We performed a prospective non interventional study in which we enrolled 185 consecutive patients with MM, not on chronic renal replacement therapy, who underwent ASCT between January 2016 and December 2017. All patients were followed for 90 days starting from the day of ASCT (baseline). The aims of our study were incidence of AKI within the first 30 days after ASCT and identification of risk factors for AKI occurrence.

The study was conducted in accordance with the Declaration of Helsinki human rights and was approved by the Institutional Review Board of Fundeni Clinical Institute. All the patients signed the informed consent.

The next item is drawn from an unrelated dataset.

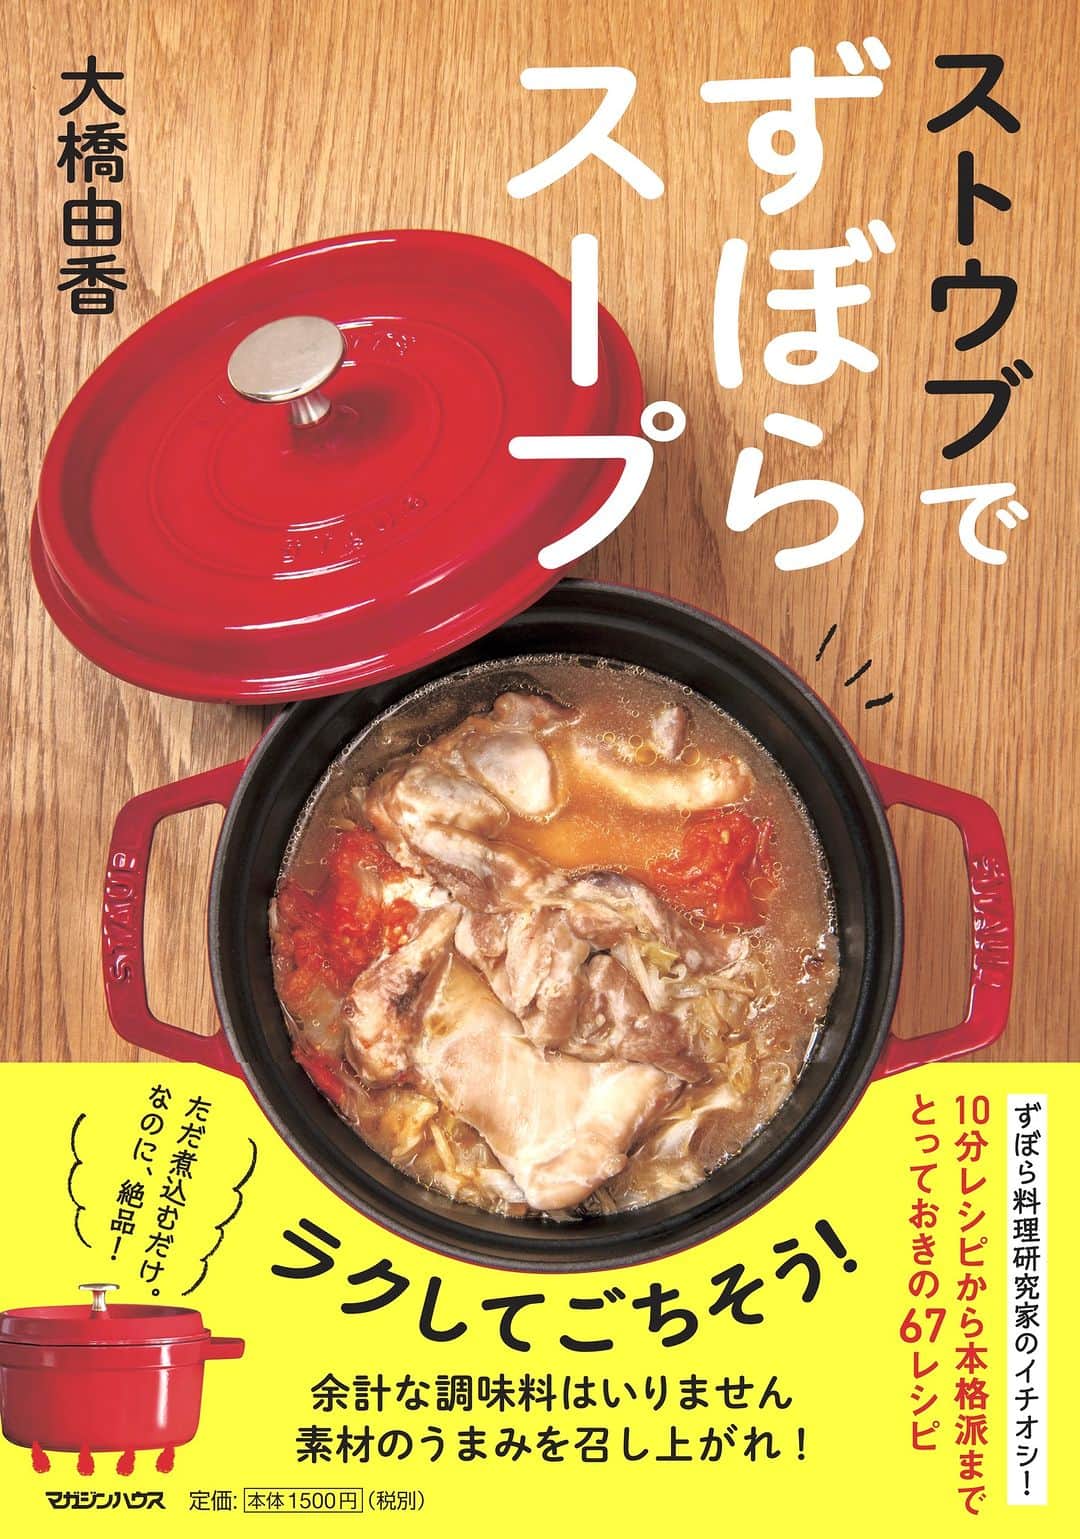 staub ストウブのインスタグラム：「【新刊紹介】  10月19日に料理研究家 大橋由香( @haruhigohan)さんの新刊 “ストウブでずぼらスープ” が発売されます。   本のテーマは ずばり “ずぼら”。ストウブまかせでただ煮込むだけなのに、素材の旨みがたっぷり味わえるスープが完成！ 10分レシピから本格スープまで、とっておきの67品が紹介されています。   “ずぼら” スープレシピは、ストウブが食材の持つ旨みや甘みをぎゅっと引き出してくれるので、調味料は必要最低限におさえられます。さらに、理想的な組み合わせと言われる「主菜」「副菜」「汁物」が一皿でまかなえてしまうものばかり。忙しい日でも、これに「主食」のご飯やパンなどを添えれば、一汁一飯で心も体もほっとできること間違いなしです。    ストウブでずぼらスープ  ・著者名 大橋由香  ・出版社名 マガジンハウス  ・価格 1,650円 (税込)  ・発売日 2023/10/19  ・ISBNコード : 978-4838732524  #STAUB #ストウブ」

2.2. Autologous stem cells transplantation

Eligibility criteria for ASCT included age between 18 and 75 years, prior psychiatric evaluation, no severe major organ failure (lung, heart, liver), no active infections, no uncontrolled diabetes mellitus, and performance status ≤2 according to Eastern Oncology Cooperative Group (ECOG).11 There was no limitation by kidney function. Prior to ASCT, patients were treated with four to six series of chemotherapy according to local protocols (CyBorD, cyclophosphamide, bortezomib, dexamethasone or PAD, bortezomib, doxorubicin, dexamethasone). The source of hematopoietic progenitor cells was peripheral stem cells. Stem cell grafts were harvested after mobilization with granulocyte‐colony stimulating factor G‐CSF (filgrastim) 10 to 16 μg/kg, or after cyclophosphamide 3 g/m2 followed by G‐CSF. Myeloablative standard conditioning with melphalan intravenously in single dose was used. Melphalan dose (140 or 200 mg/m2) was established per protocol according to age, kidney function, and performance status. Stem cells were infused 48 hours after conditioning with daily administration of G‐CSF (5 mg/kg) starting day +5. Prophylactic antibiotics and antivirals (ciprofloxacin and acyclovir) were given to all patients. Broad‐spectrum antibiotics were used for febrile neutropenia as per institutional protocol.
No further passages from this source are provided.